◆ **Records provided**:
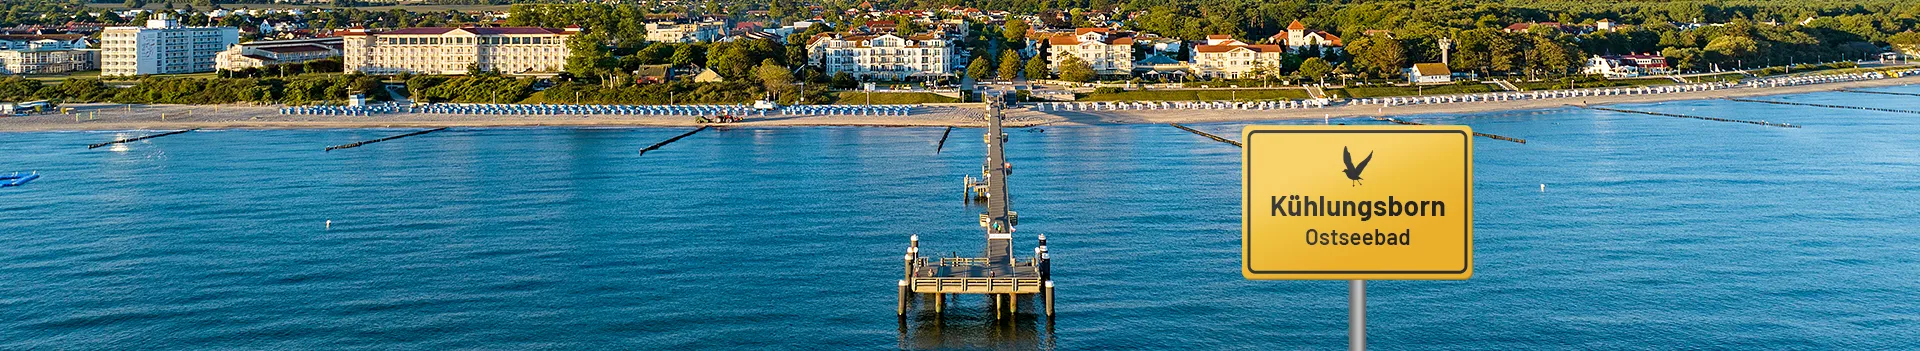 Ostseebad Kühlungsborn – Blick auf die Seebrücke und den Strand
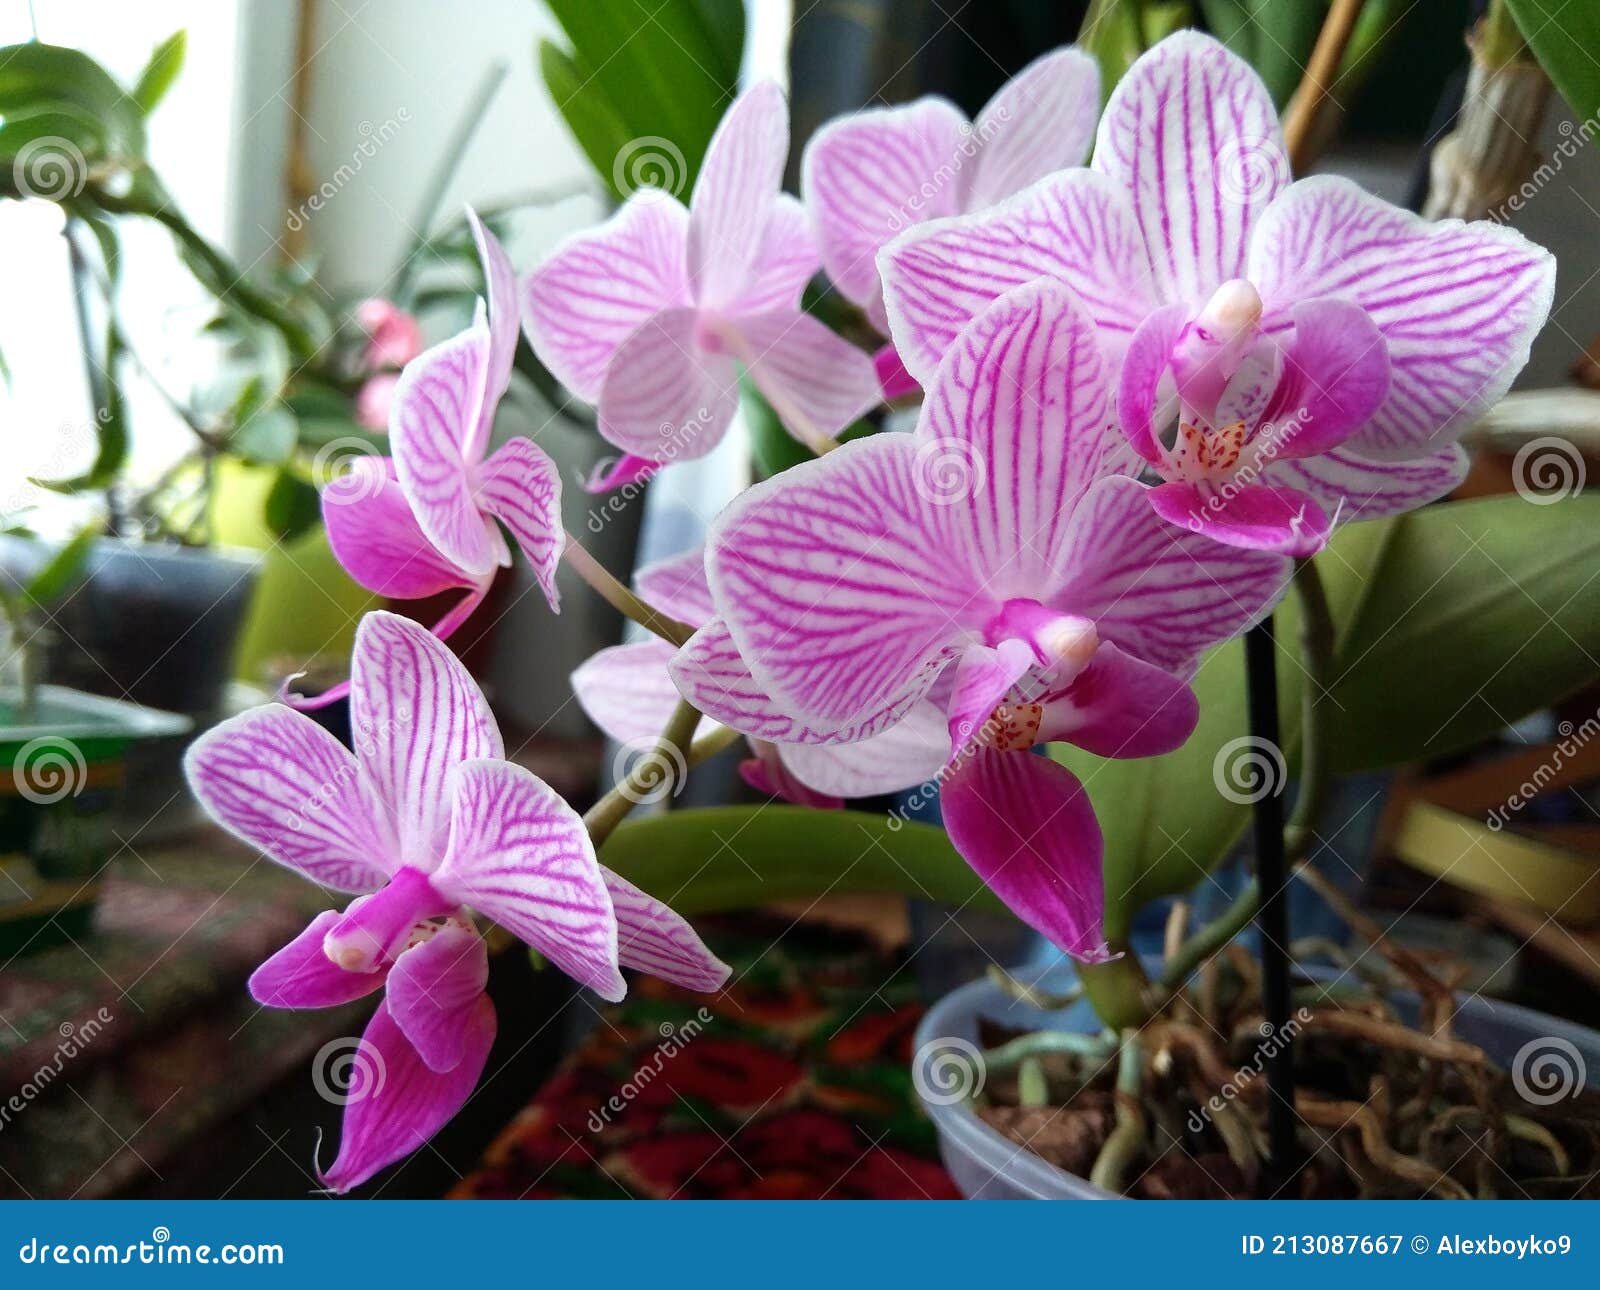 tunnel hoog waarheid Bloemen Van Mini-orchideeën. Orchidee in Roze Strepen Thuis. Paars.  Huisplanten. Tropische Bloemen in Huis Stock Afbeelding - Image of helder,  bloemen: 213087667
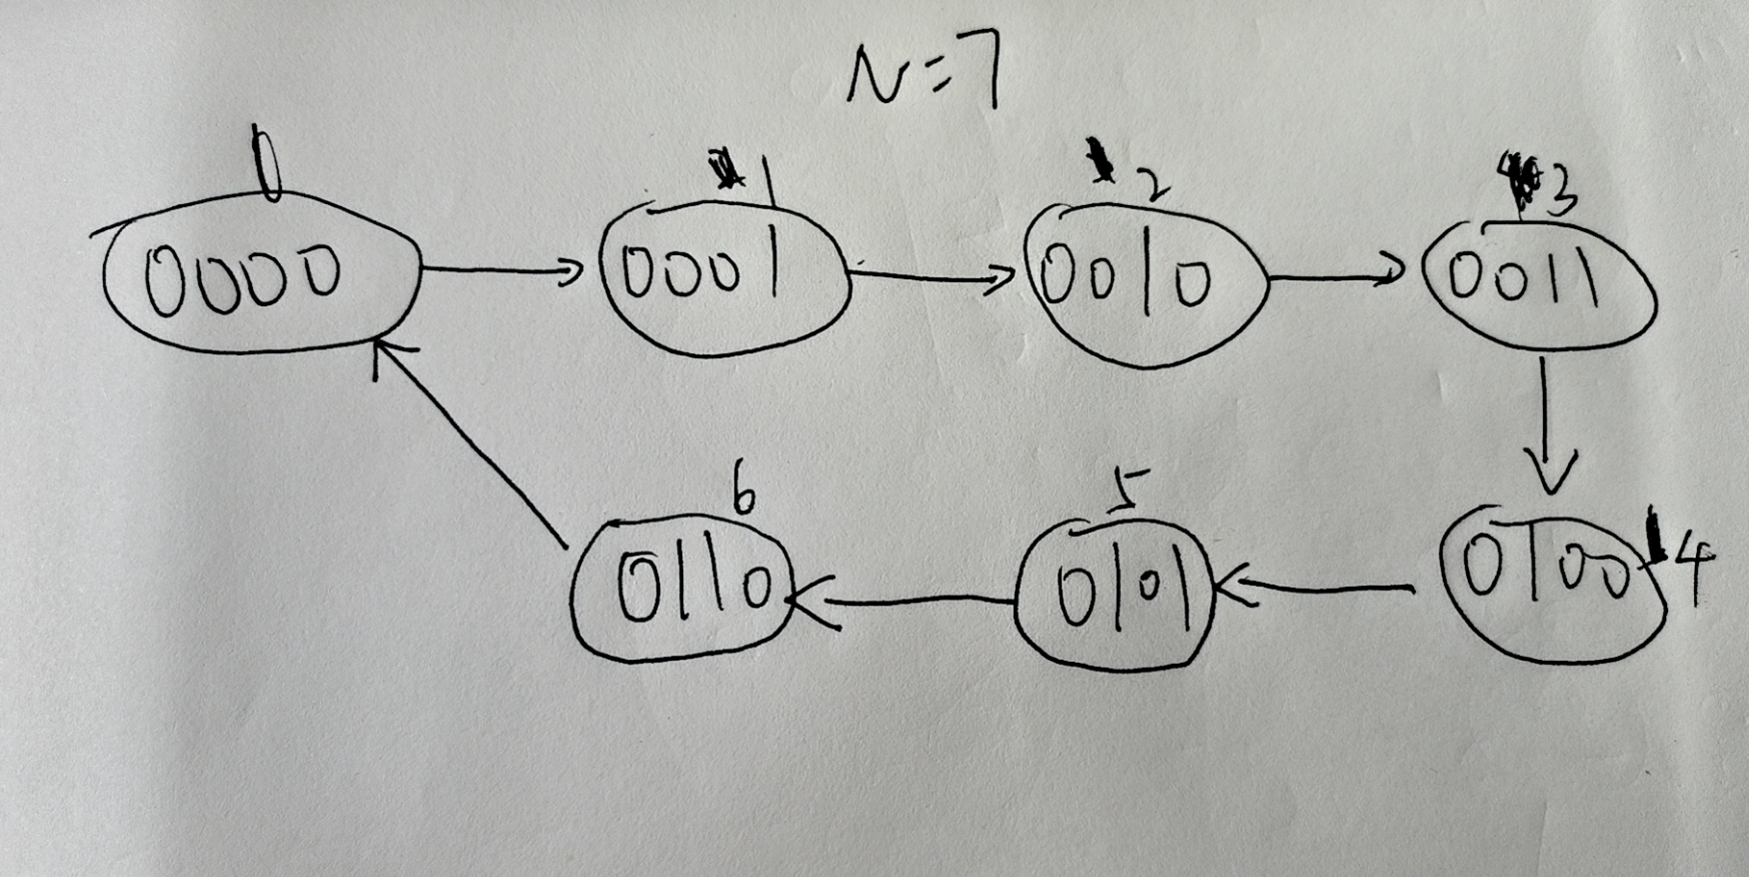 十进制转二进制的流程图_74ls20逻辑图及真值表
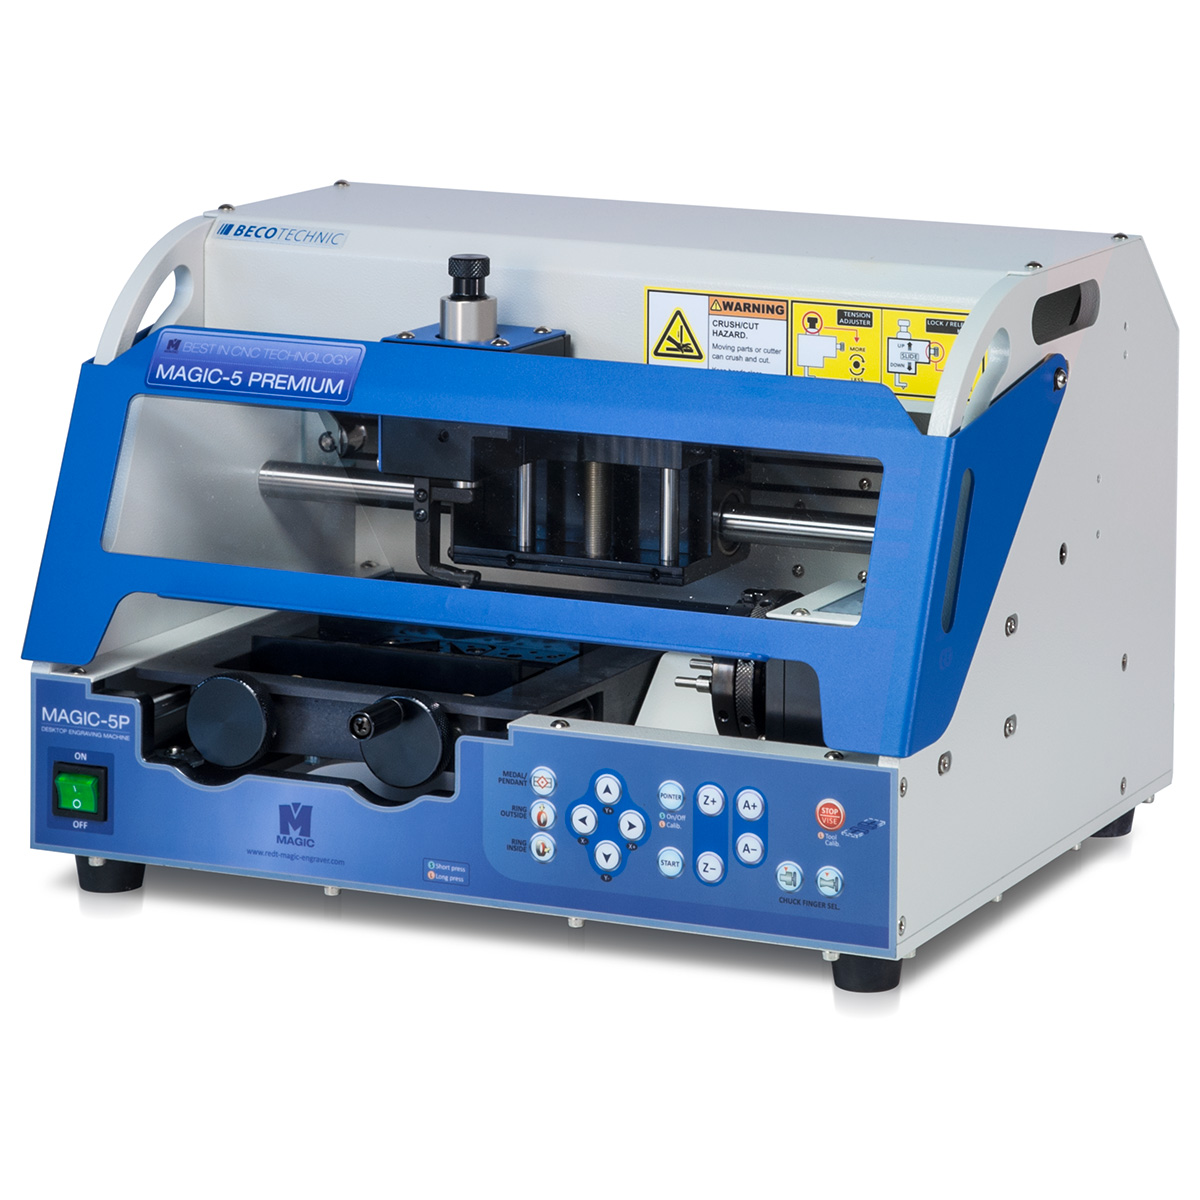 Dispositif CNC Magic-5Px pour la gravure d'anneaux et de plats
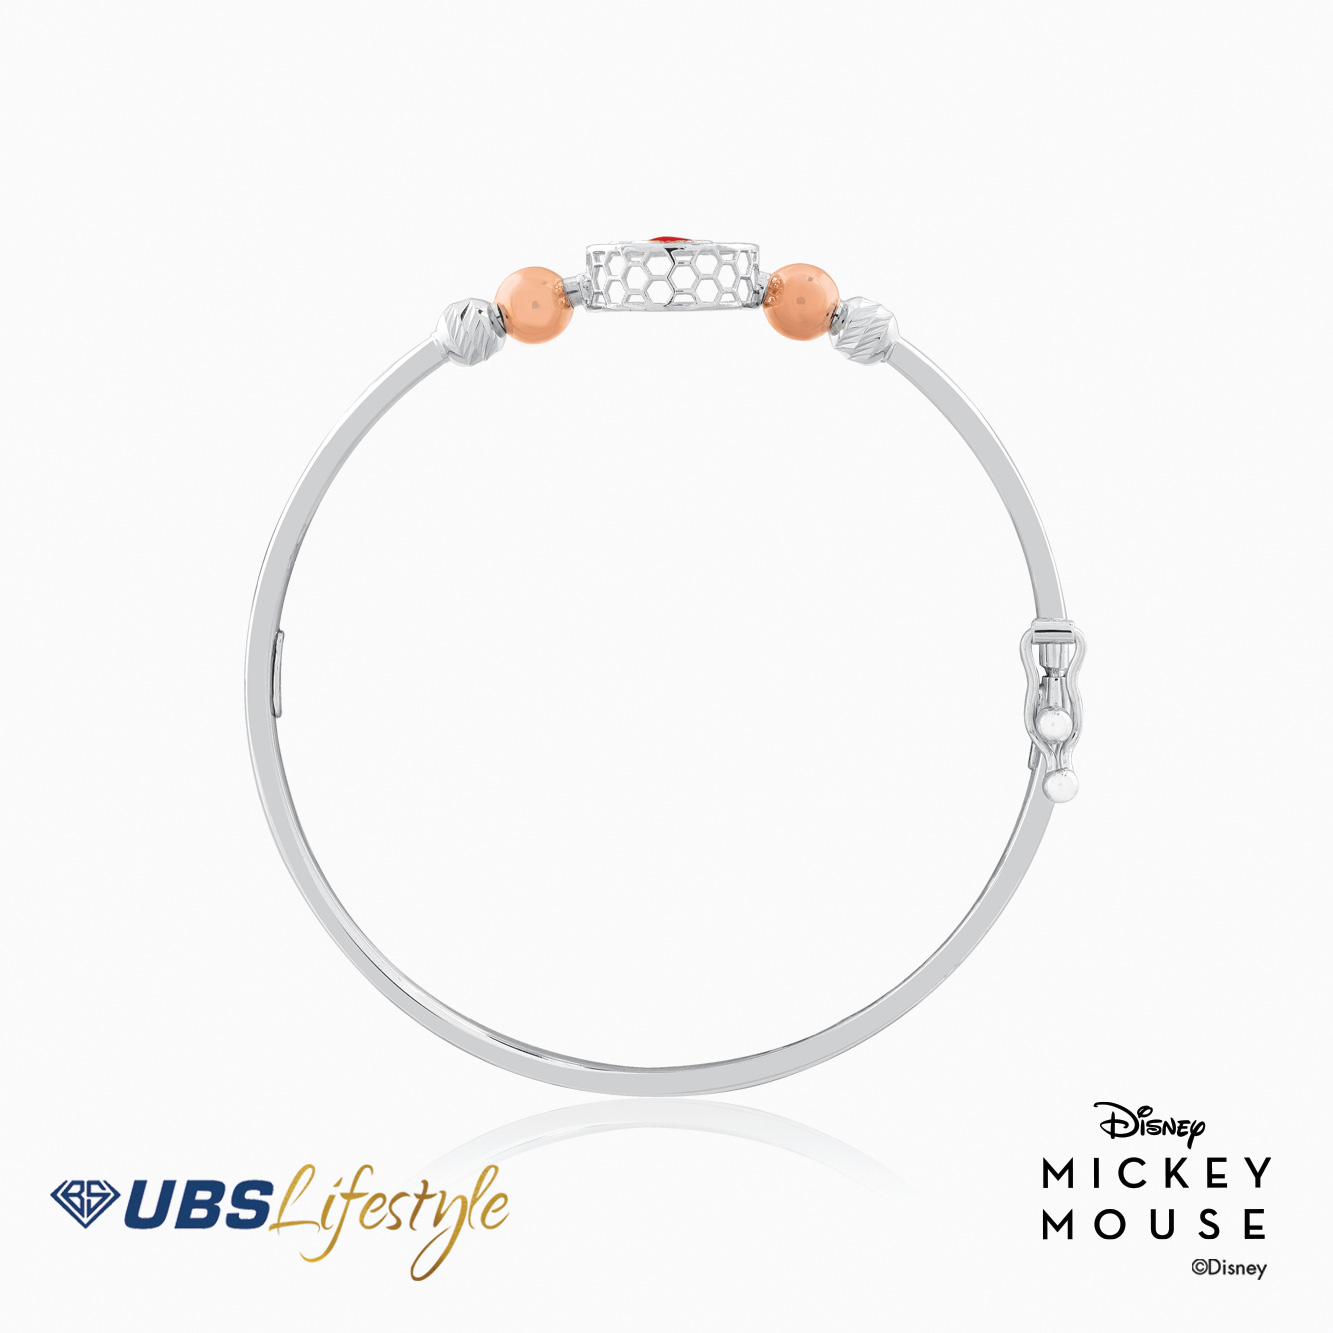 UBS Gelang Emas Bayi Disney Mickey Mouse - Vgy0097- 17K

◆ **About this exercise**: Nothing but the lines from the one containing "Dispositif CNC Magic-5Px" through the last line of the data should appear in the answer, copied exactly, with pictures excluded.

◆ **Completed task**:
 Dispositif CNC Magic-5Px pour la gravure d'anneaux et de plats
 UBS Gelang Emas Bayi Disney Mickey Mouse - Vgy0097- 17K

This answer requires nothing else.